I am looking for the whereabouts of Master Larry Mangone.  I had received some info about him from Lawdog (thank you ) on a different site.  There seems to be more members here. I'm hoping that someone can help.  He was one of my instructers of Tai Chi and SKK many years ago.  I used to travel from Long Island to Brockton, Mass to train under him on a weekly basis until my schedule changed.  I haven't seen him in over 9 years.  I would like to drop him a note and see if he is well and let him know how I am doing. I would appreciate any info.

Thank you
Dominick Panetta


----------



## LawDog (Jul 10, 2007)

dpkempo,
The last time that I communicated with Larry he stated that both he and his wife were retired now. They are now keeping a low profile. I will relay your message to him.


----------



## dpkempo (Jul 10, 2007)

Thank you, I would really appreciate it.  If it is okay with him to get his address so I can send him a picture of my kids.  I would like to put him on my xmas list.  He was at my wedding but we lost touch before I had children.  You can send me an email or give me call.  Whatever you prefer.
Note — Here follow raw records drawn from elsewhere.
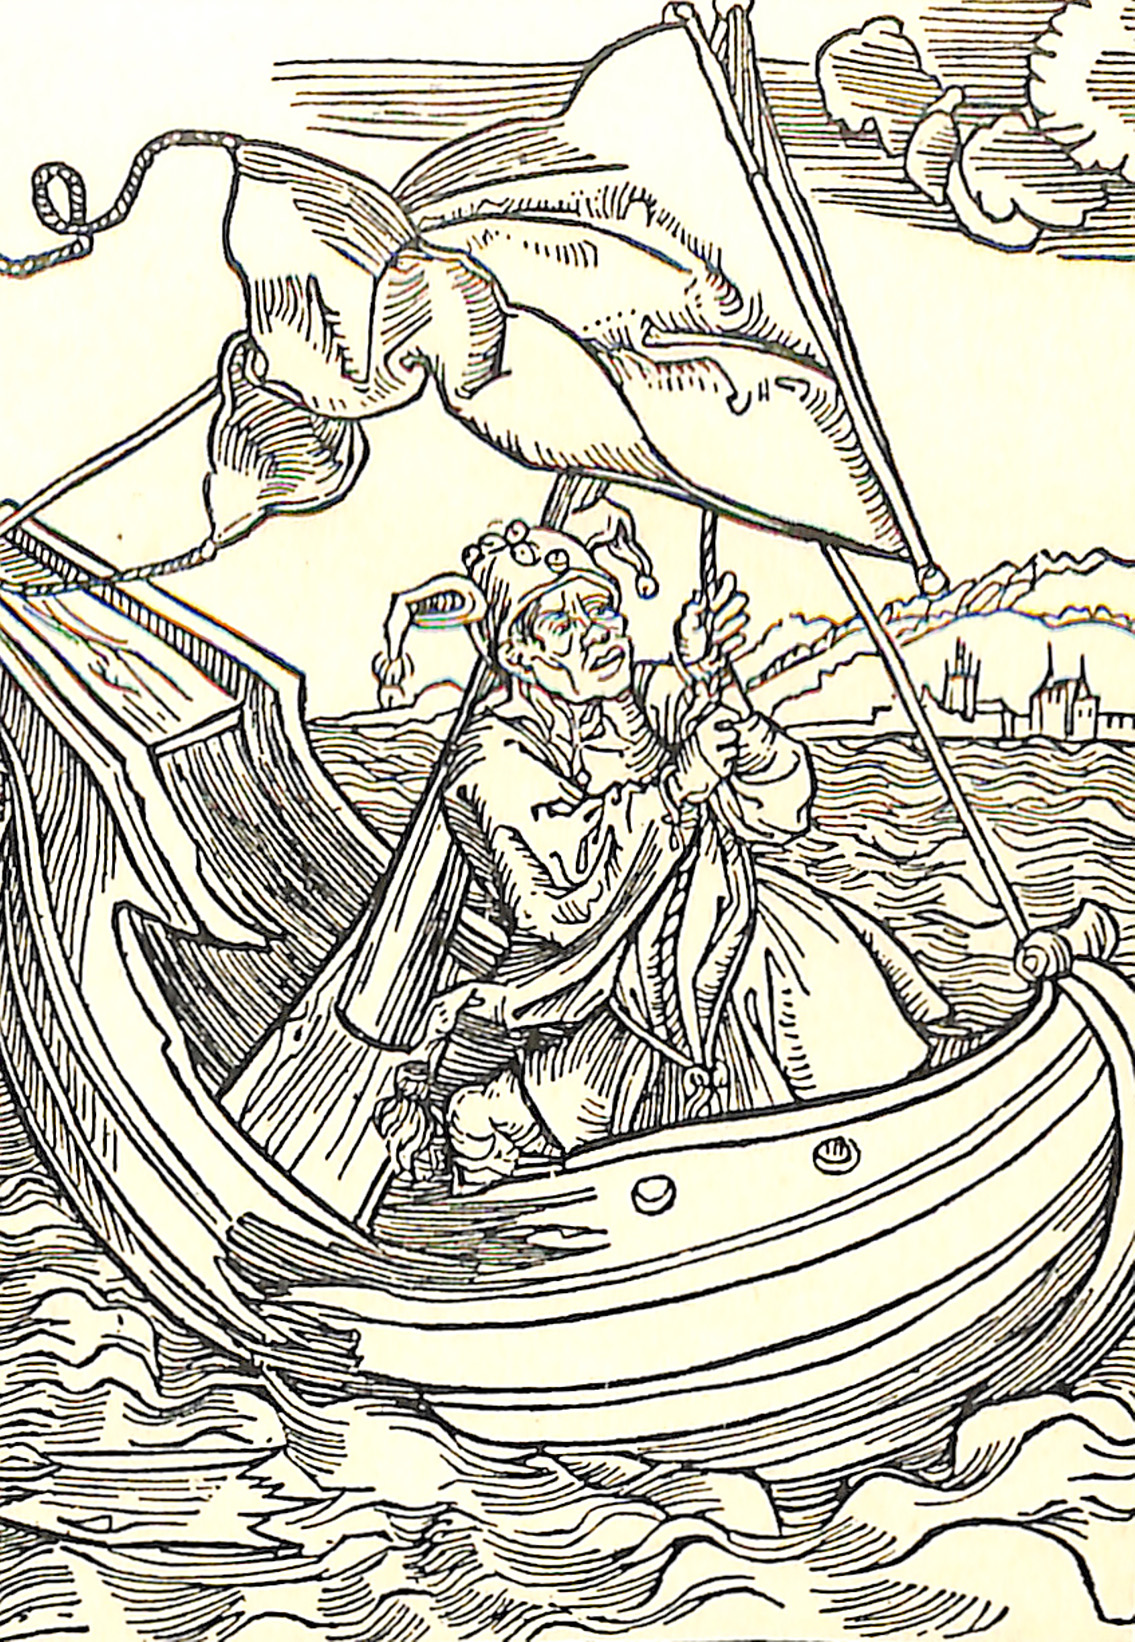 The Fool Puts to Sea In An Untrustworthy Ship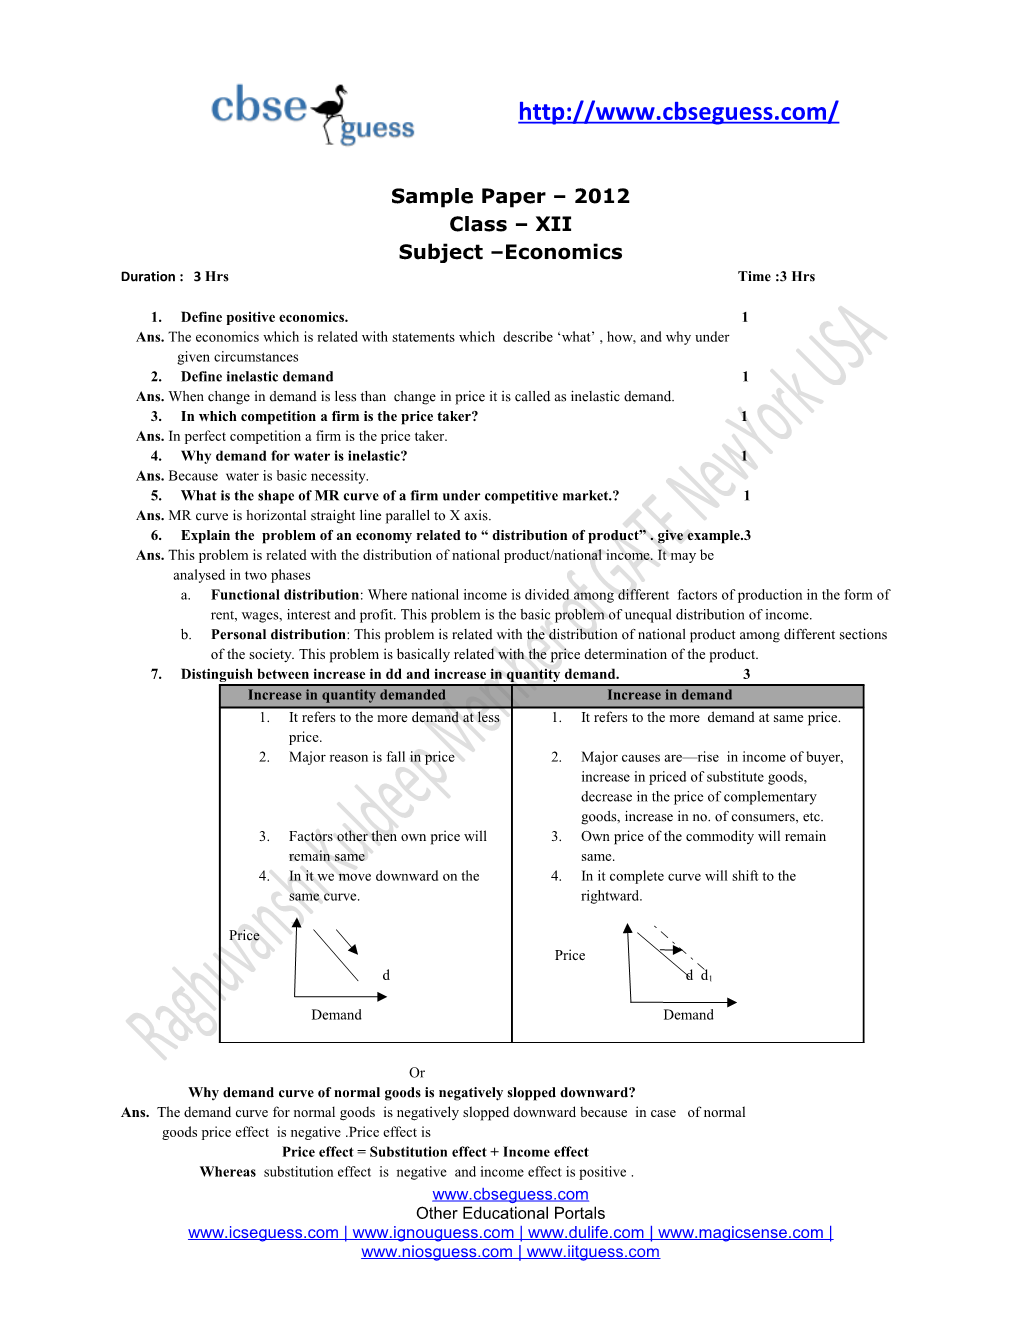 Sample Paper 2012 Class XII Subject Economics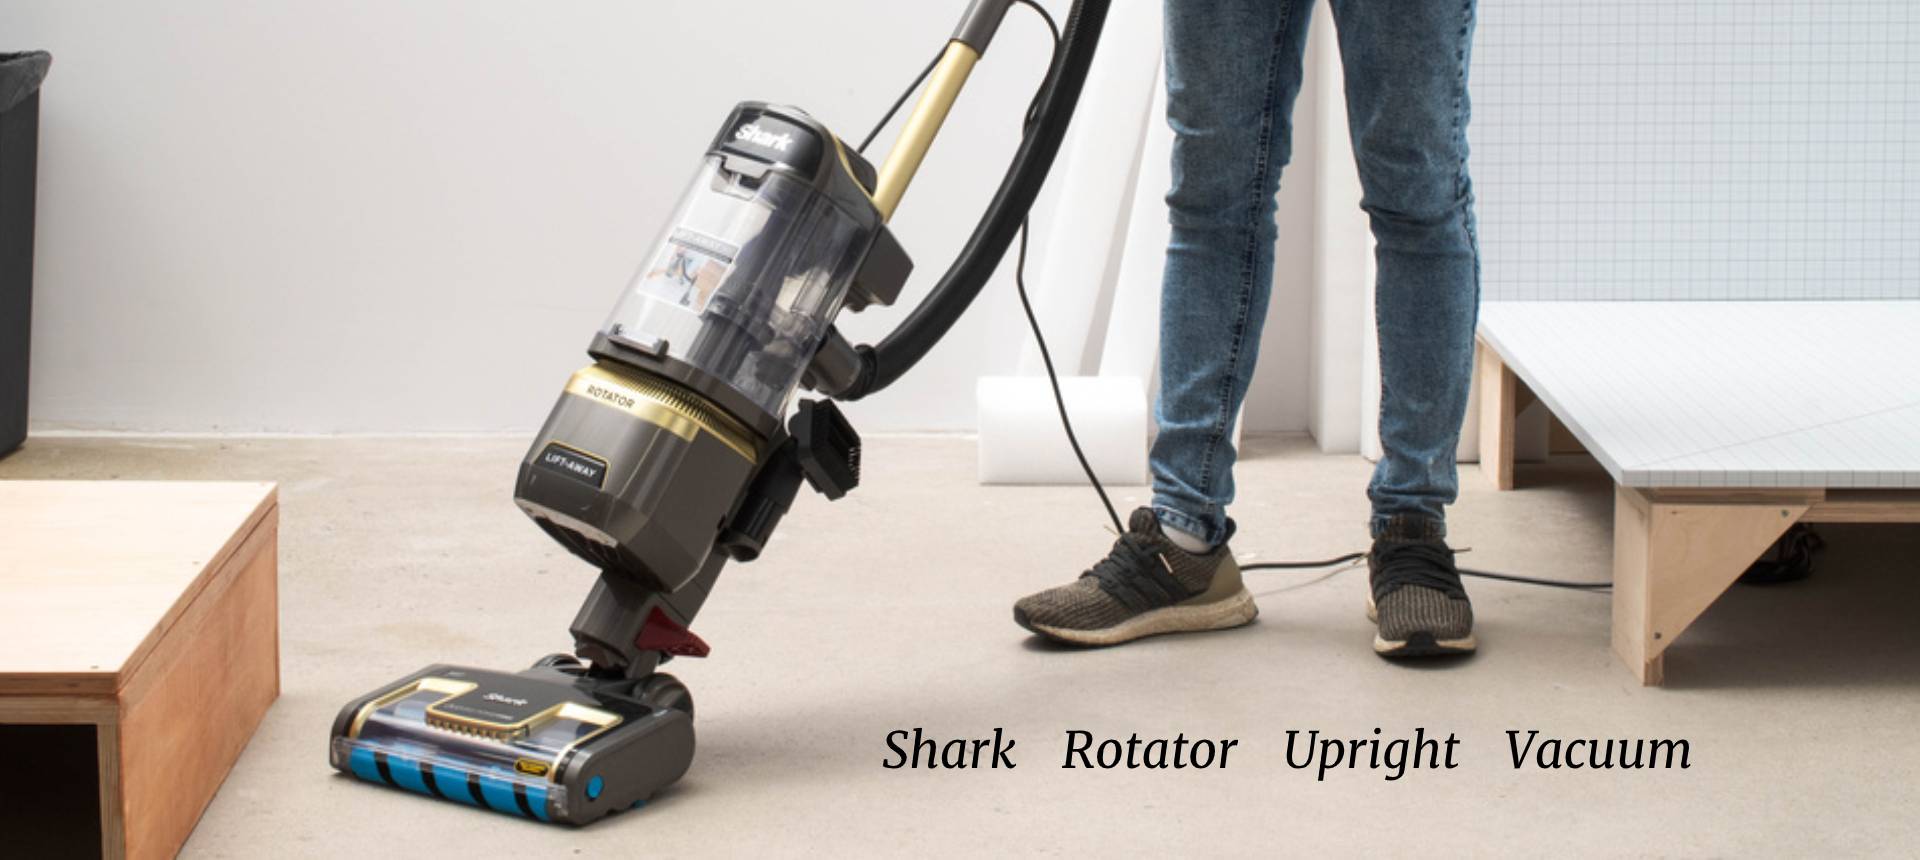 Shark Rotator Upright Vacuum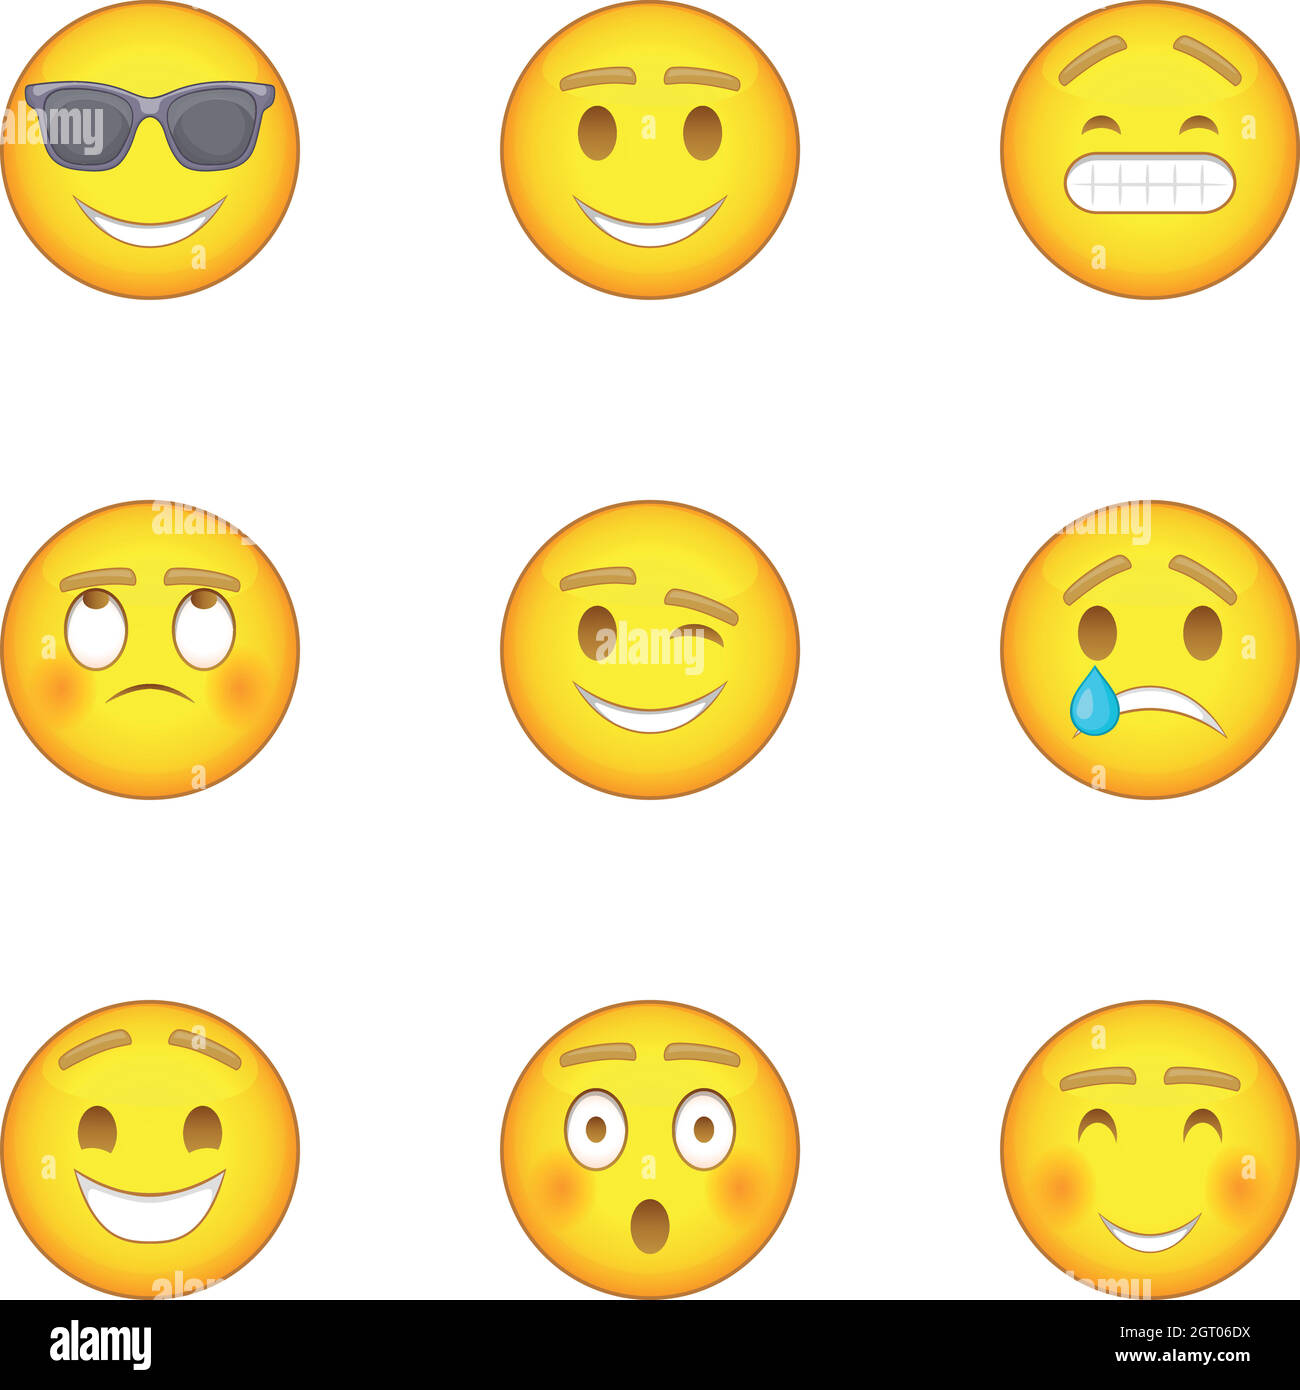 Emoji character icons set, cartoon style Stock Vector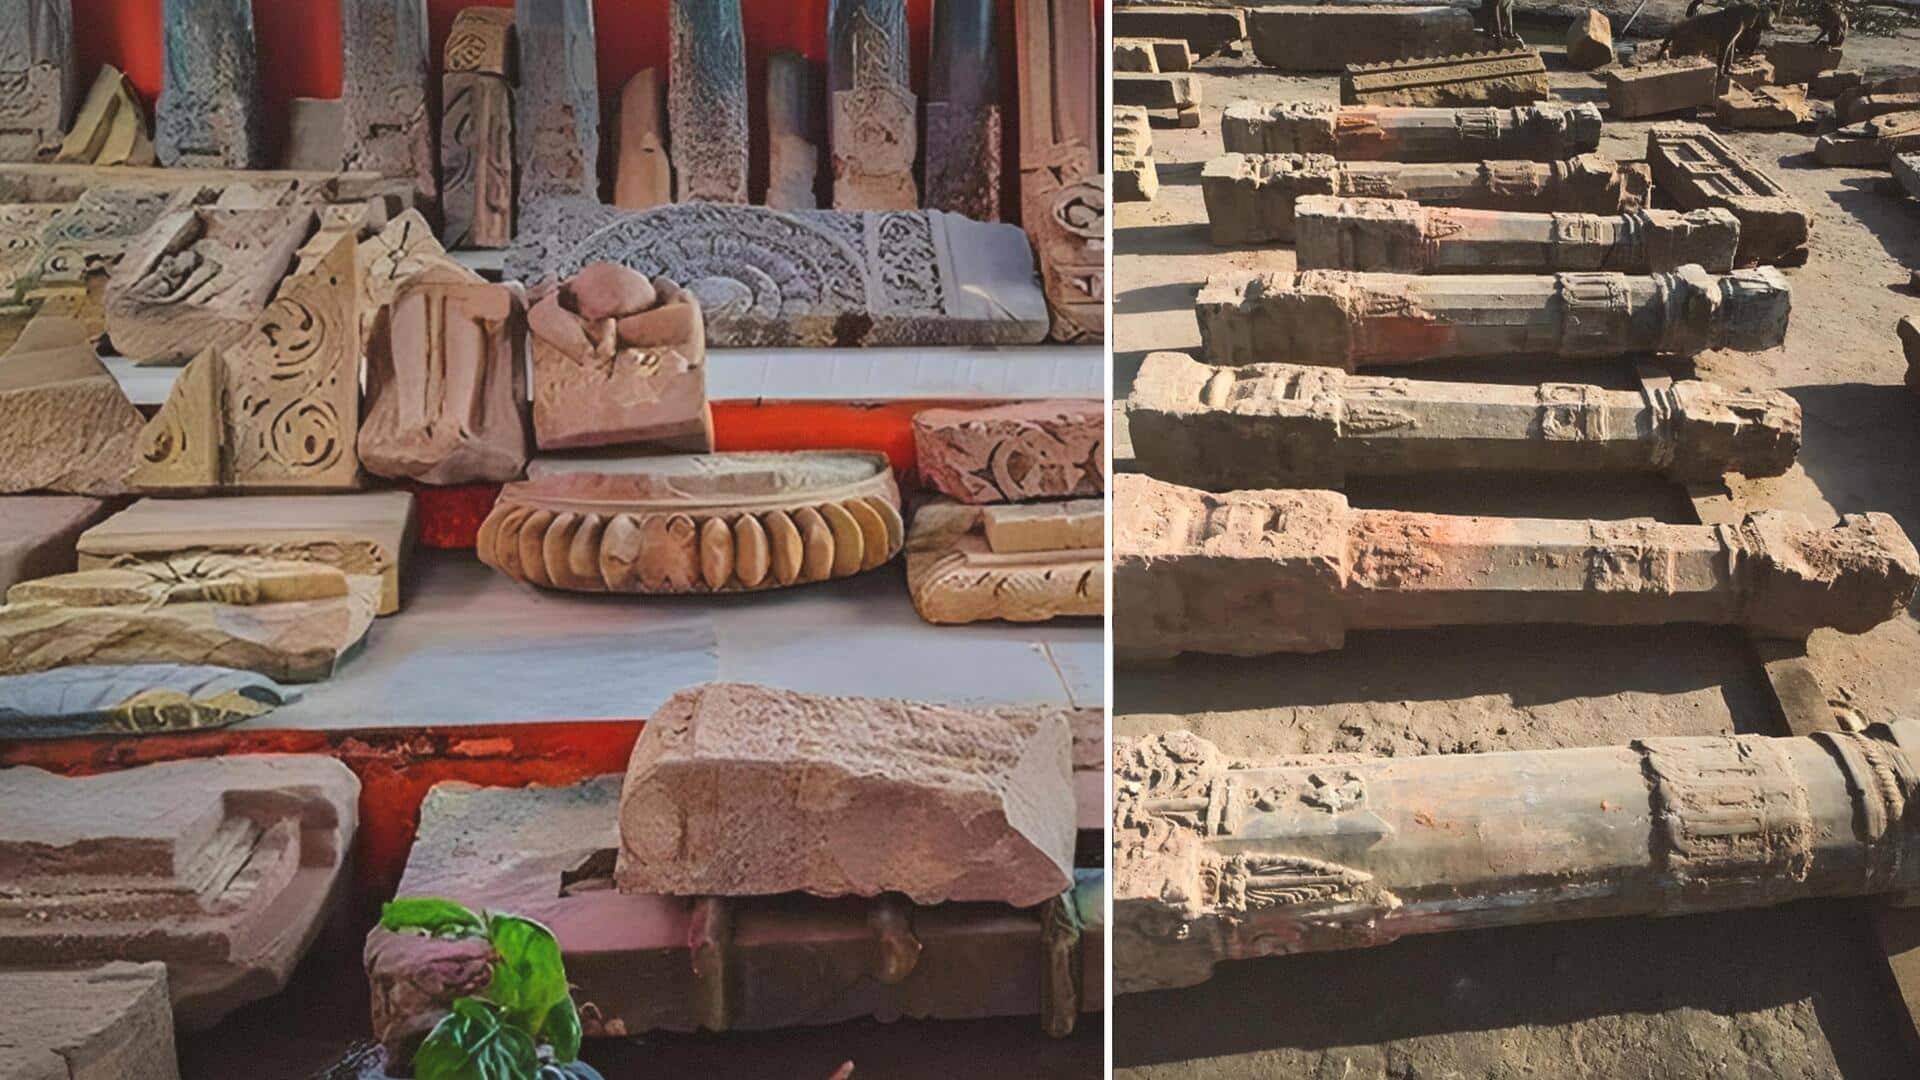 Ram Mandir: Remains of ancient temple, idols, and pillars found

When you do speak to him tell him that Dominick and Joe(my cousin) say hello.

Thank you again


----------



## Josh Oakley (Aug 15, 2008)

Apparently he's going to be teaching USSD instructors some Tai Chi in the coming weeks.


----------



## marlon (Aug 15, 2008)

Josh Oakley said:


> Apparently he's going to be teaching USSD instructors some Tai Chi in the coming weeks.


 

i am not sure if it deserves its own thread but does it not seem like many many kempo people do taichi...especially the higher the ranking?  Does anyone care to speculate why?

Marlon


----------